## Data segment
──────────────────────────────
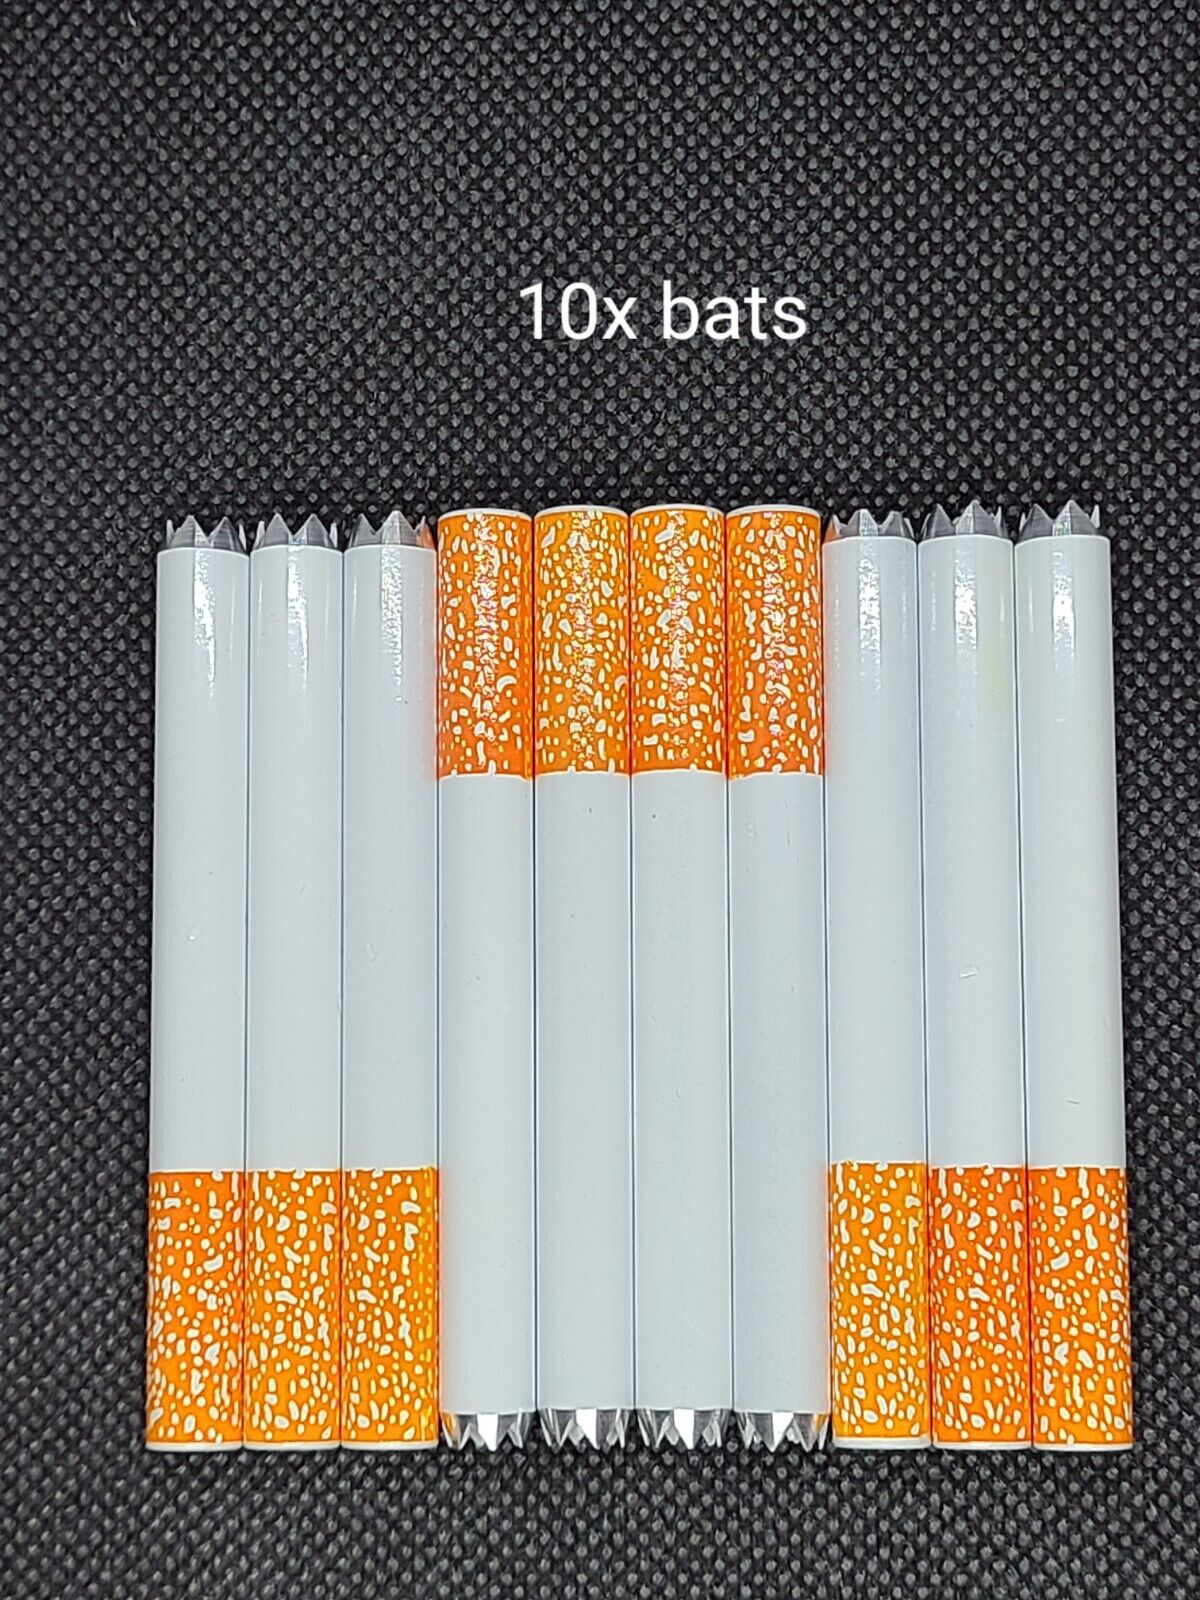 10x Metal Sawtooth One Hitter Dugout Pipe Cigarette Bat Large 3
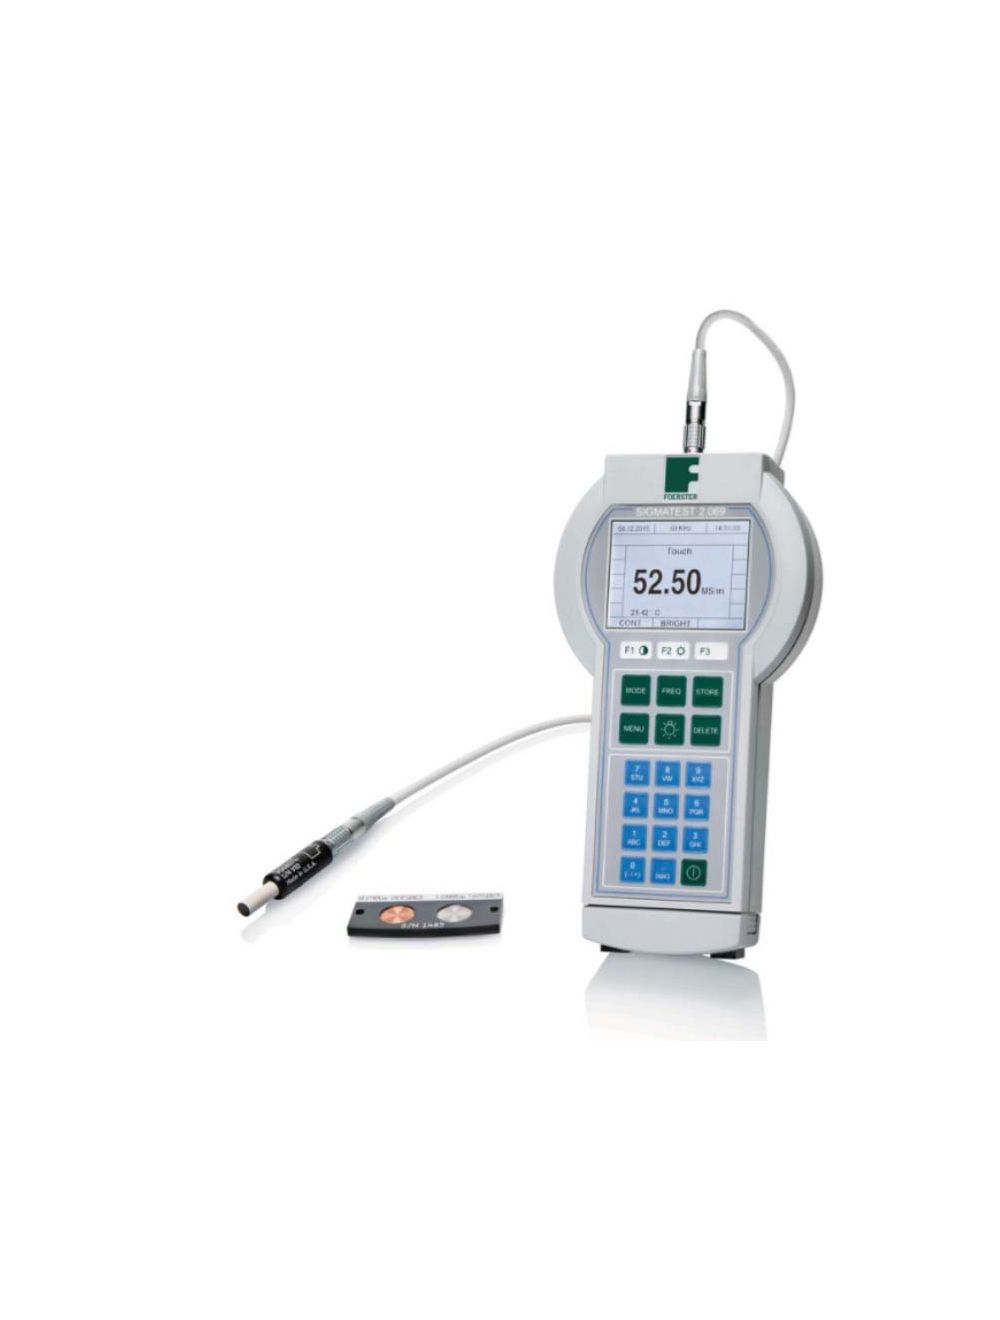 New In stock for sale, Foerster Conductivity Meter SIGMATEST2.069
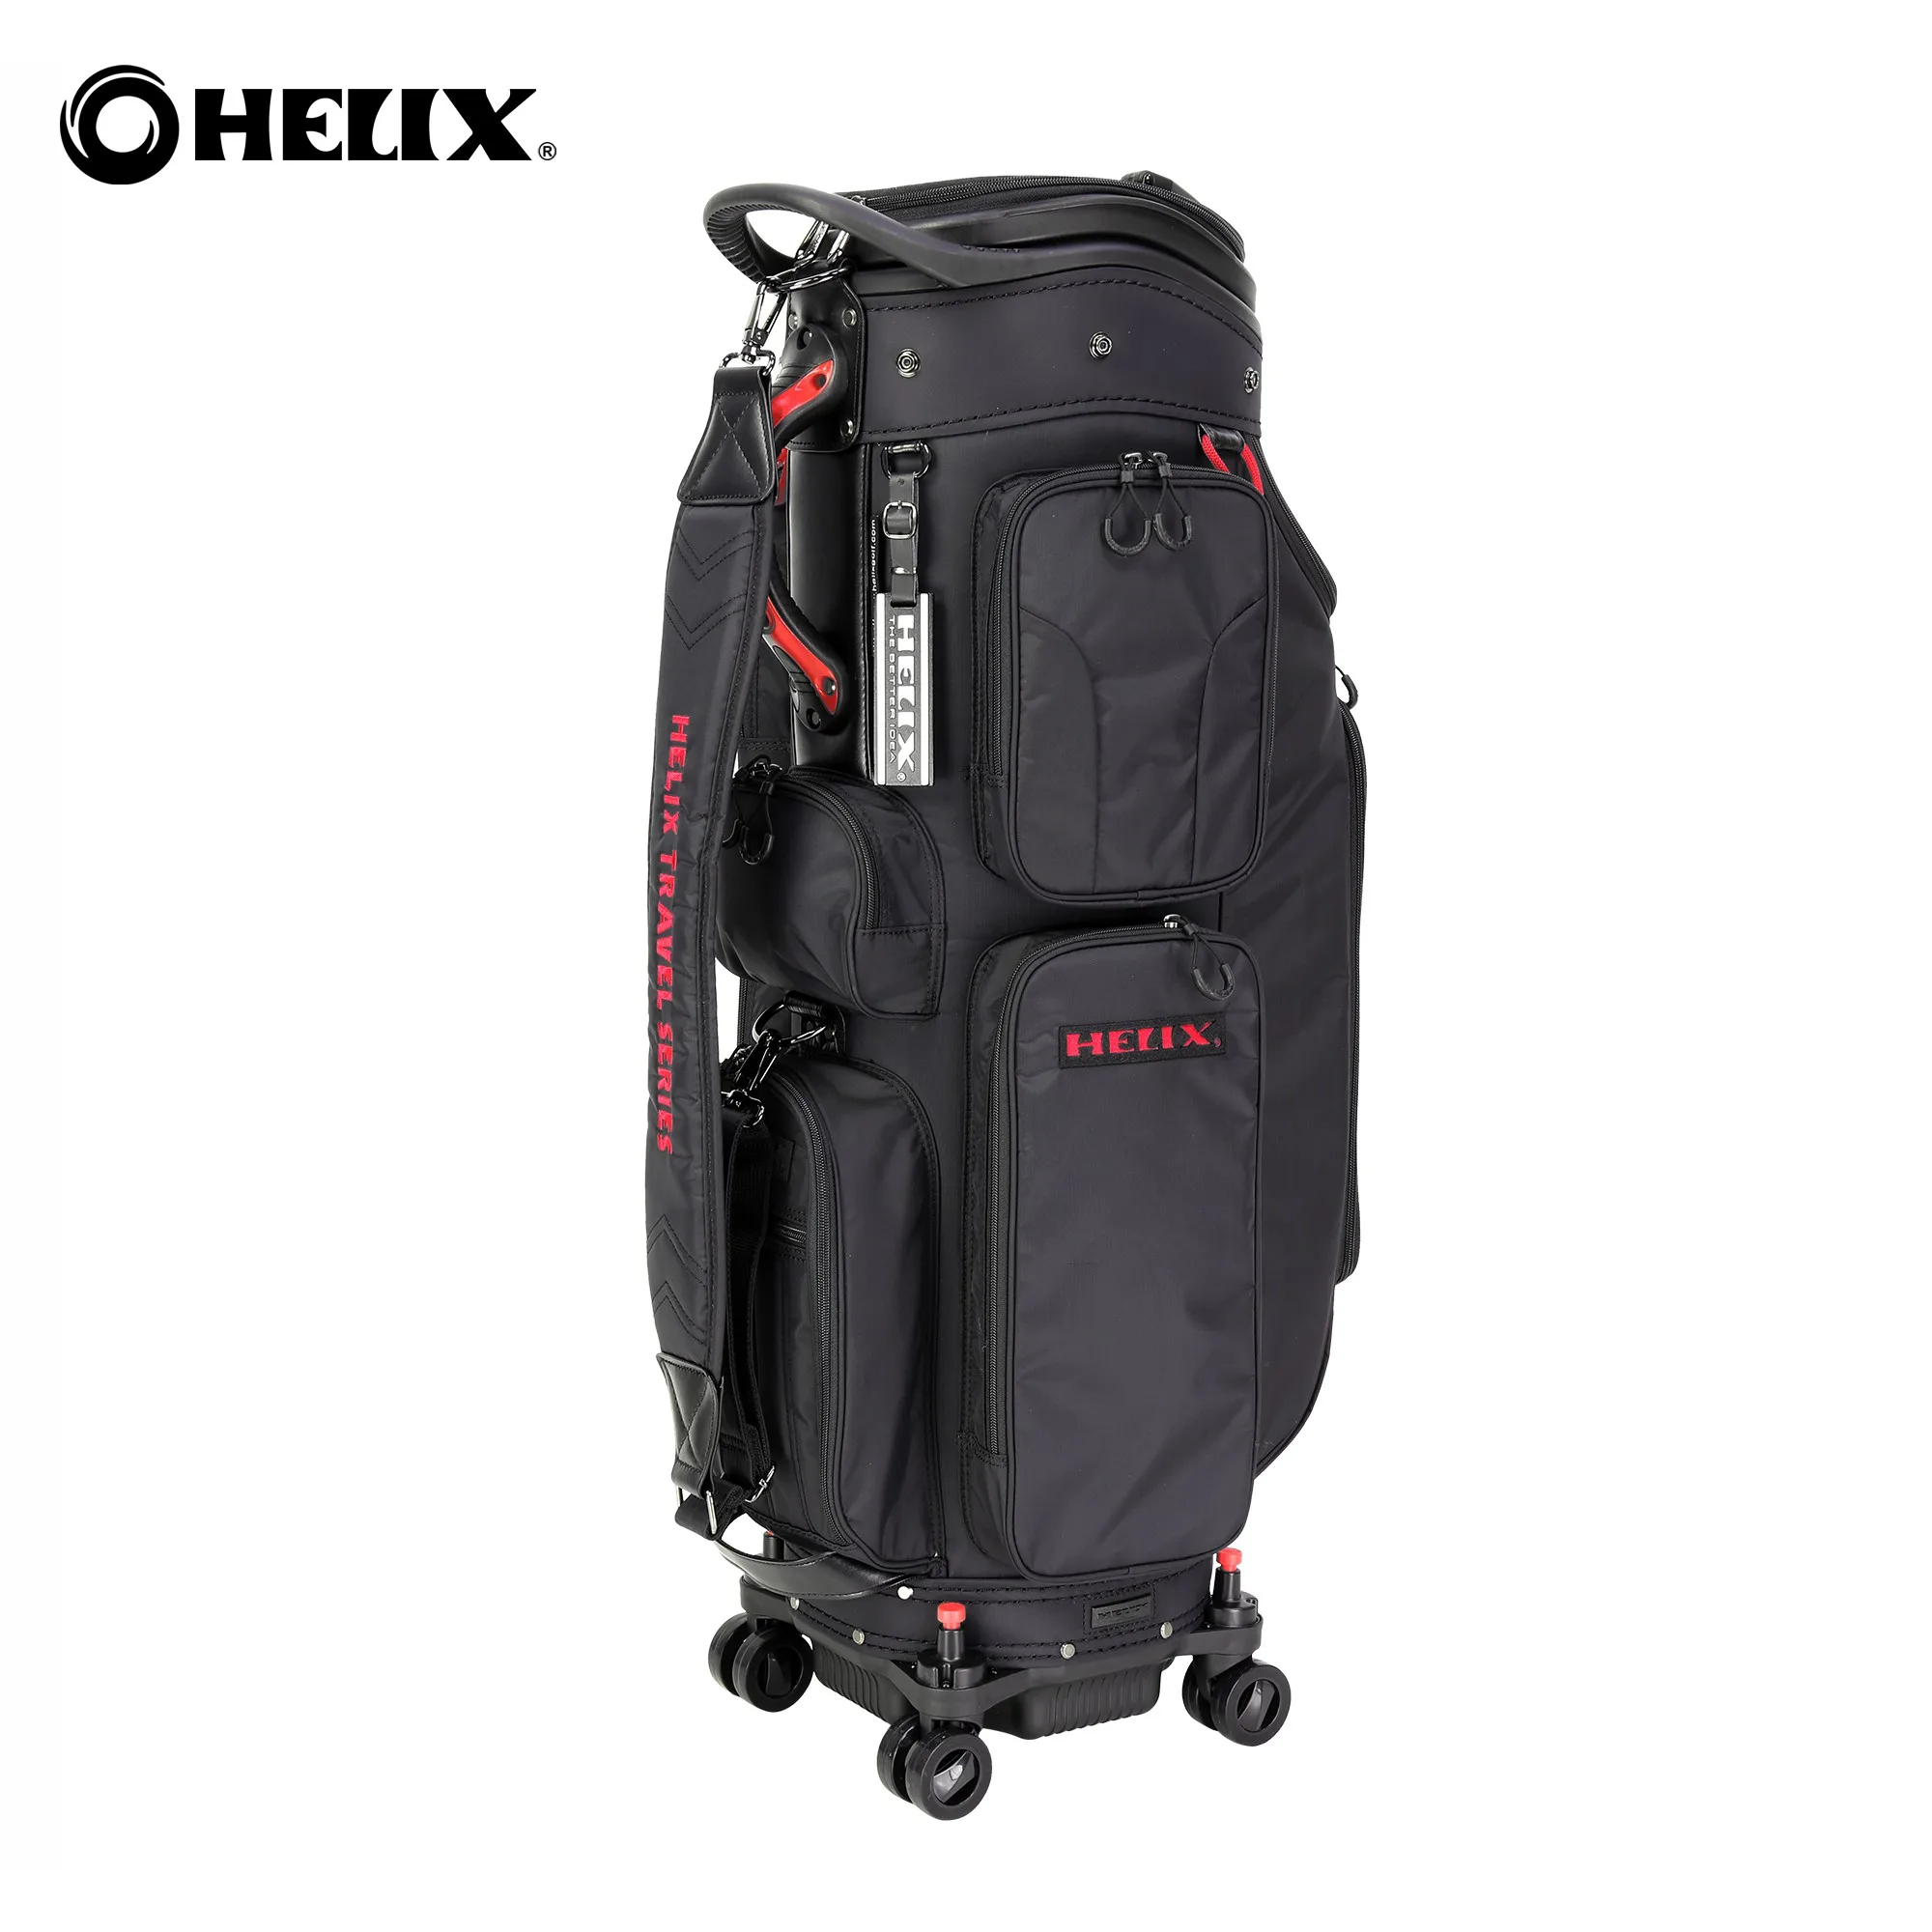 Helix durable oem logo travel golf bag with wheels with shoulder strap travelling bags ladies and men
──────────────────────────────
## Required work
Hand back the data above exactly, with no images.

## Solution for this task
 10x Metal Sawtooth One Hitter Dugout Pipe Cigarette Bat Large 3
 New In stock for sale, Foerster Conductivity Meter SIGMATEST2.069
 Helix durable oem logo travel golf bag with wheels with shoulder strap travelling bags ladies and men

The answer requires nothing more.